Soniox | How to Choose a Speech-to-Text Provider?

1. Speech Recognition Accuracy

What is the Word Error Rate (WER) for your specific use case?
- Domains: medical, contact center, sales, legal, etc.
- Channels: telephony, video conference, in-person or hybrid meetings
- Accents
- Background noises: chatters, traffic, music, applause, cheers, etc.
- Interjections & crosstalks
- Speaking formats: monologues, 1:1 conversations, group conversations, presentations, dictations
- Audio quality
Be sure to use double-reviewed and normalized ground truth transcriptions when benchmarking
Can the accuracy be improved with customization?
Does the accuracy hold up in real-time vs batch processing?

Are the punctuations accurate?
Are the capitalizations accurate?
Are numbers and units formatted properly?
- Example: “$7.72” vs “seven dollars and seventy two cents”

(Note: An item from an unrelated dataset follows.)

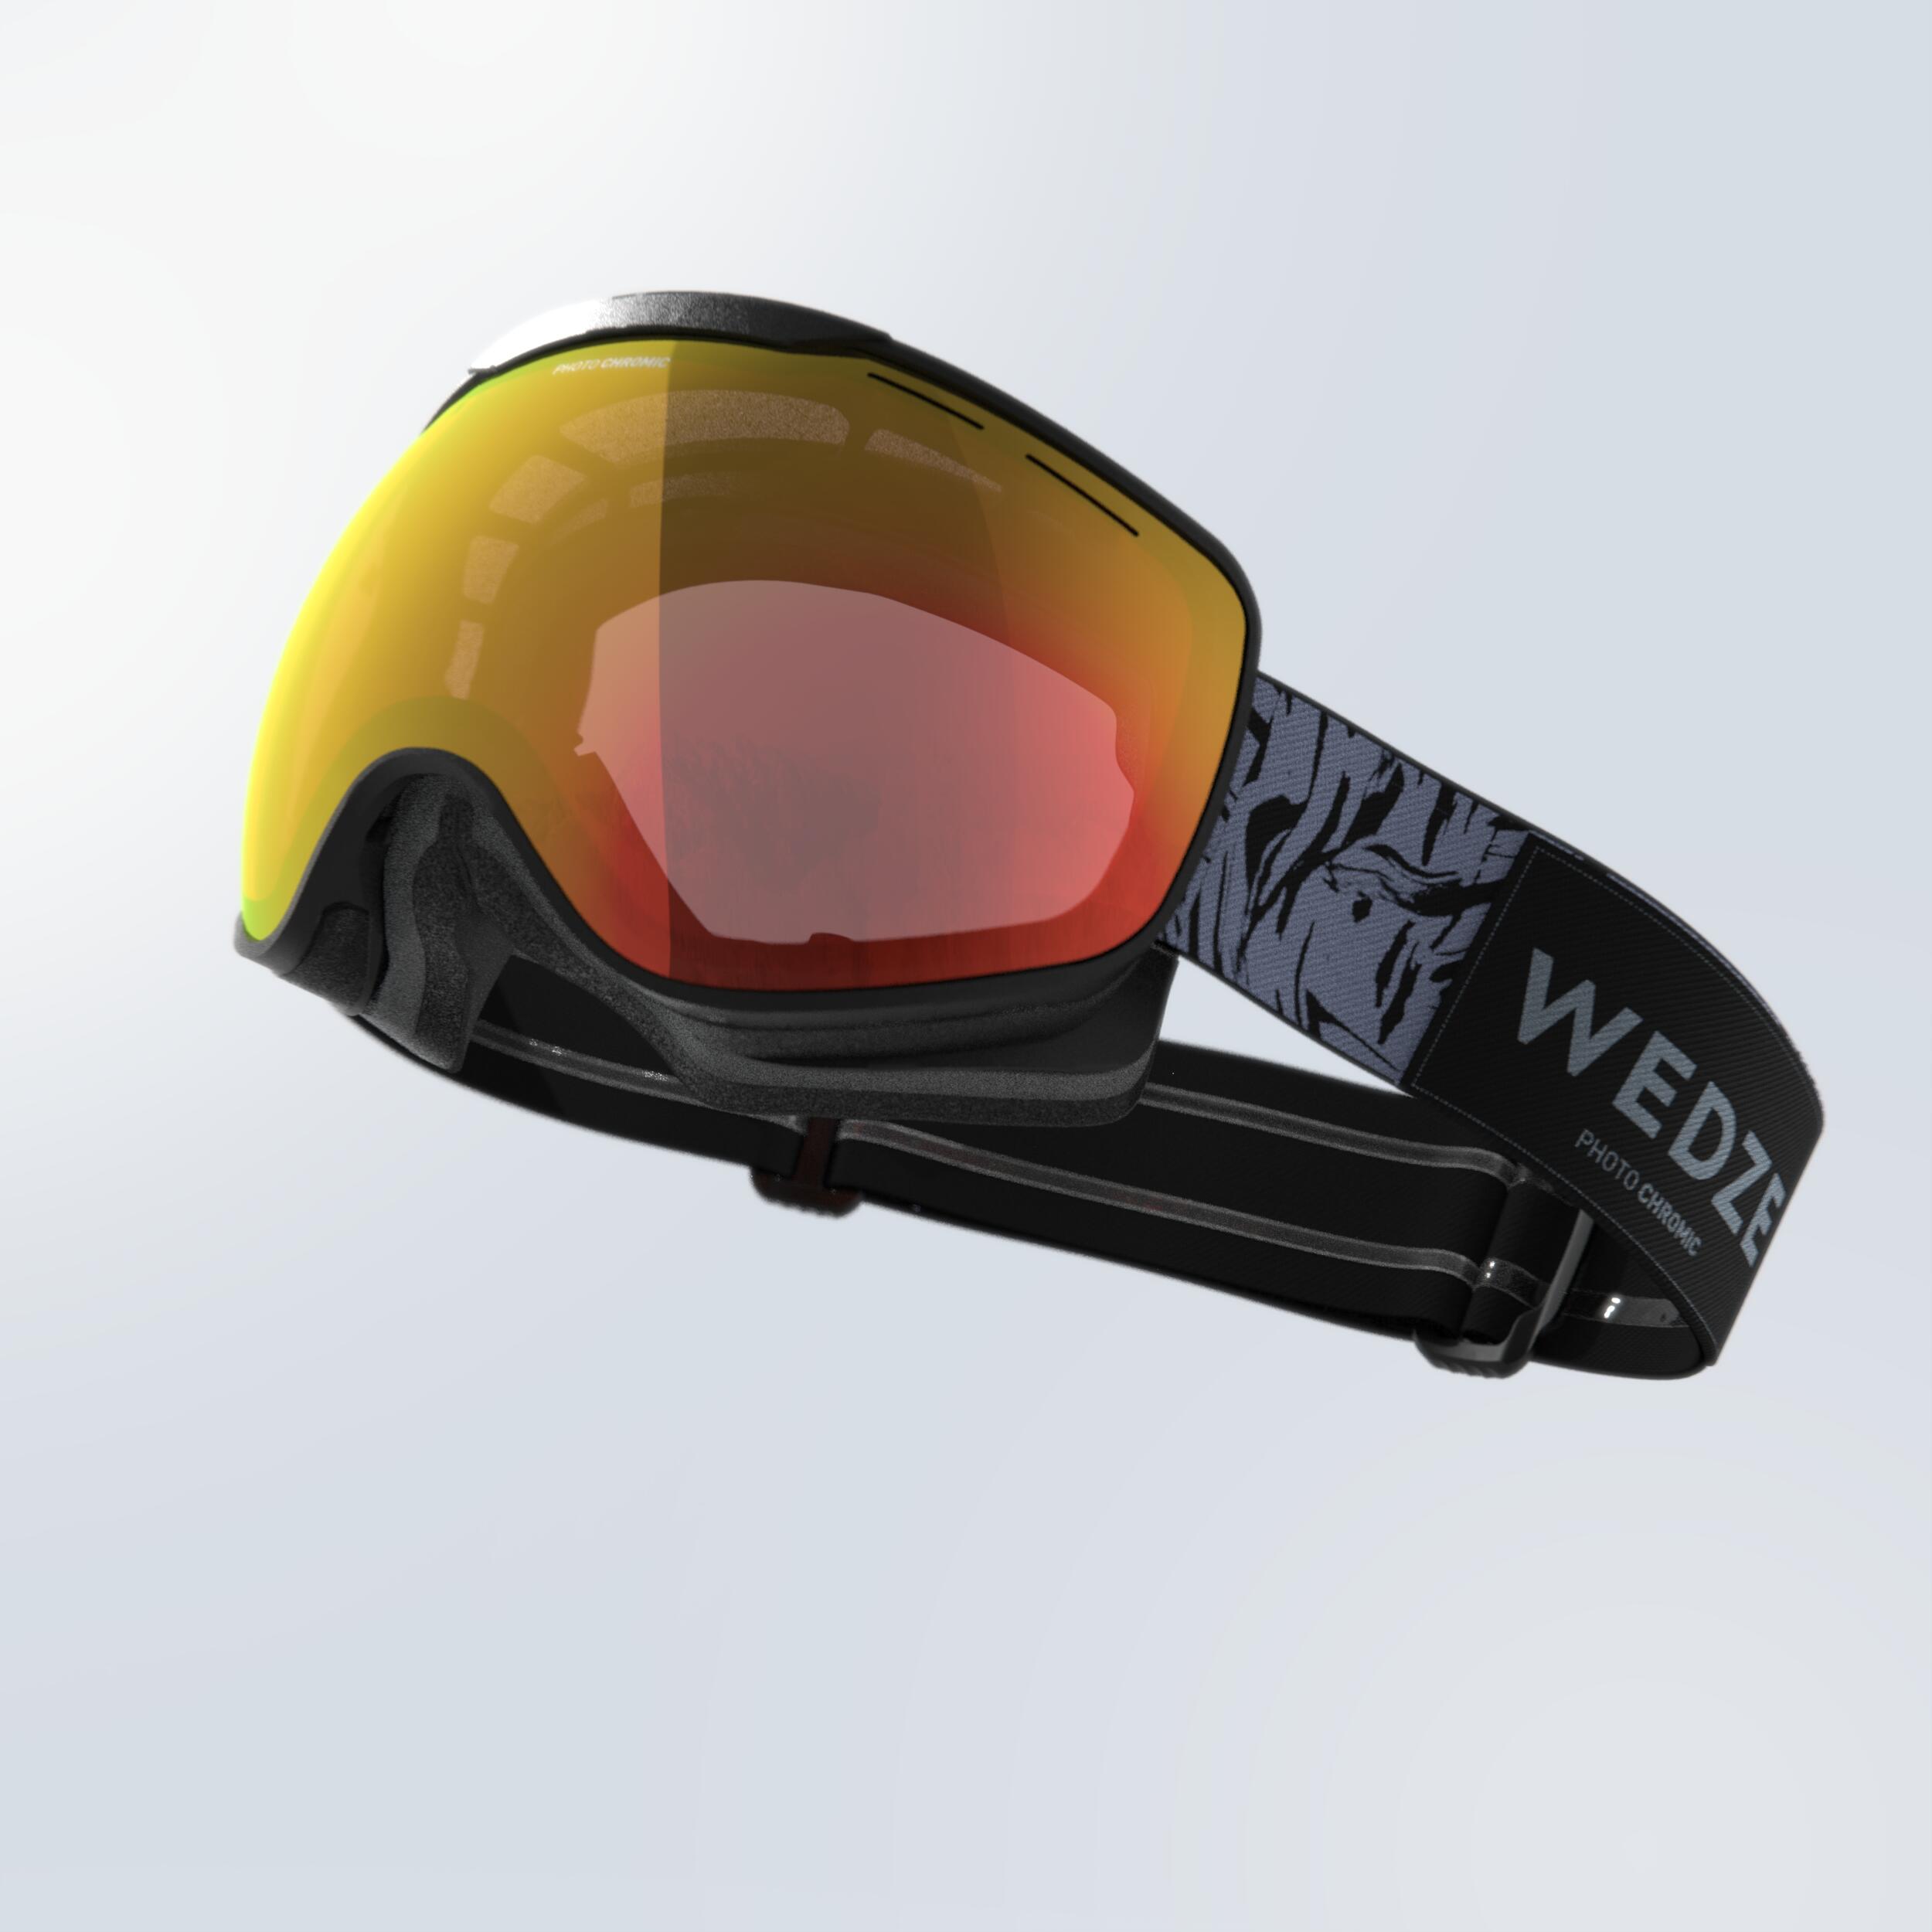 Ochelari schi/snowboard G 900 PH Albastru-Gri Copii/Adulți La Oferta Online decathlon imagine La Oferta Online
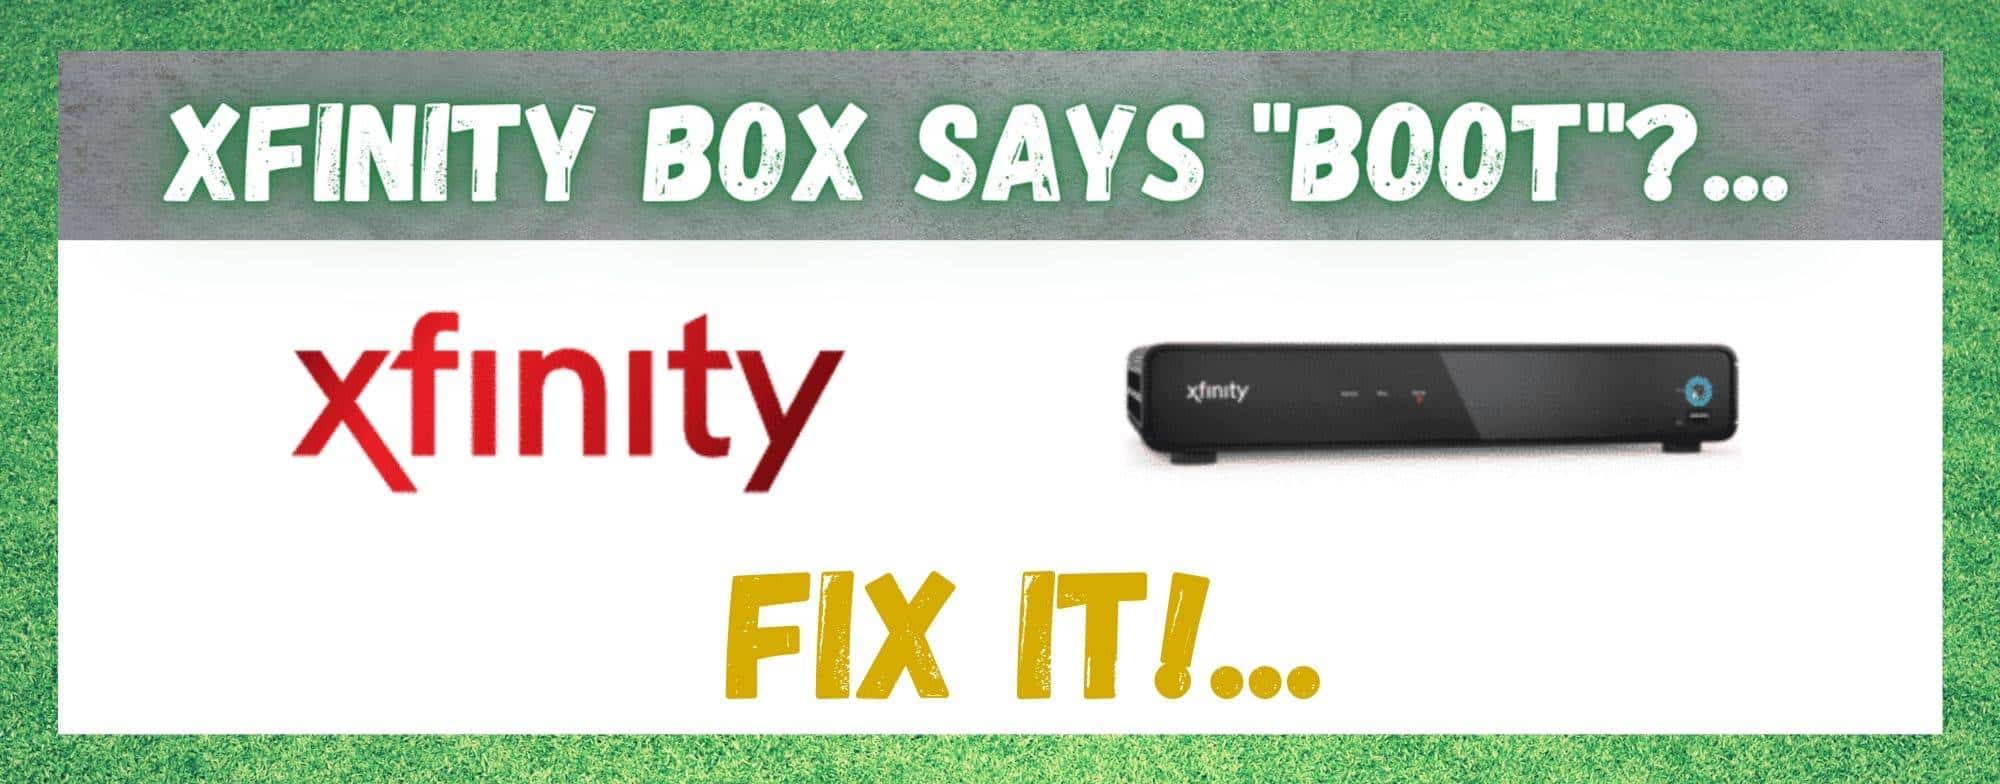 Xfinity Box Boot کہتے ہیں: ٹھیک کرنے کے 4 طریقے

Are there different tiered speech-to-text models at different price points?
Does the provider charge for multiple streams/channels? Or does the provider charge only for 1 single stream/channel?
- Example:
  1. 1 hour of a 5-person meeting = 5 hours of audio charge OR
  2. 1 hour of a 5-person meeting = 1 hour of audio charge
Is the price quoted for real-time speech recognition or batch processing?
Are there further discounts for non-urgent file processing (e.g. within 24 hours)?
Are there volume discounts?
Are there charges for additional fees for features such as speaker diarization, speaker identification or content moderation?

What are the available deployment options?
- Public cloud API
- Private cloud API
- On-premises
- On-device

How long is it going to take your developers to integrate with the speech-to-text provider?
Are there SDKs in your chosen language?

Does your application require additional features such as speaker separation (diarization), speaker identification or content moderation?
- If so, be sure to benchmark the performance of these features.
It is one thing for a provider to say “Yes, we have feature X” and a completely different thing to actually deliver feature X with high accuracy.
- Example: most providers support speaker diarization; yet the accuracy of their speaker diarization is usually low - around 75%.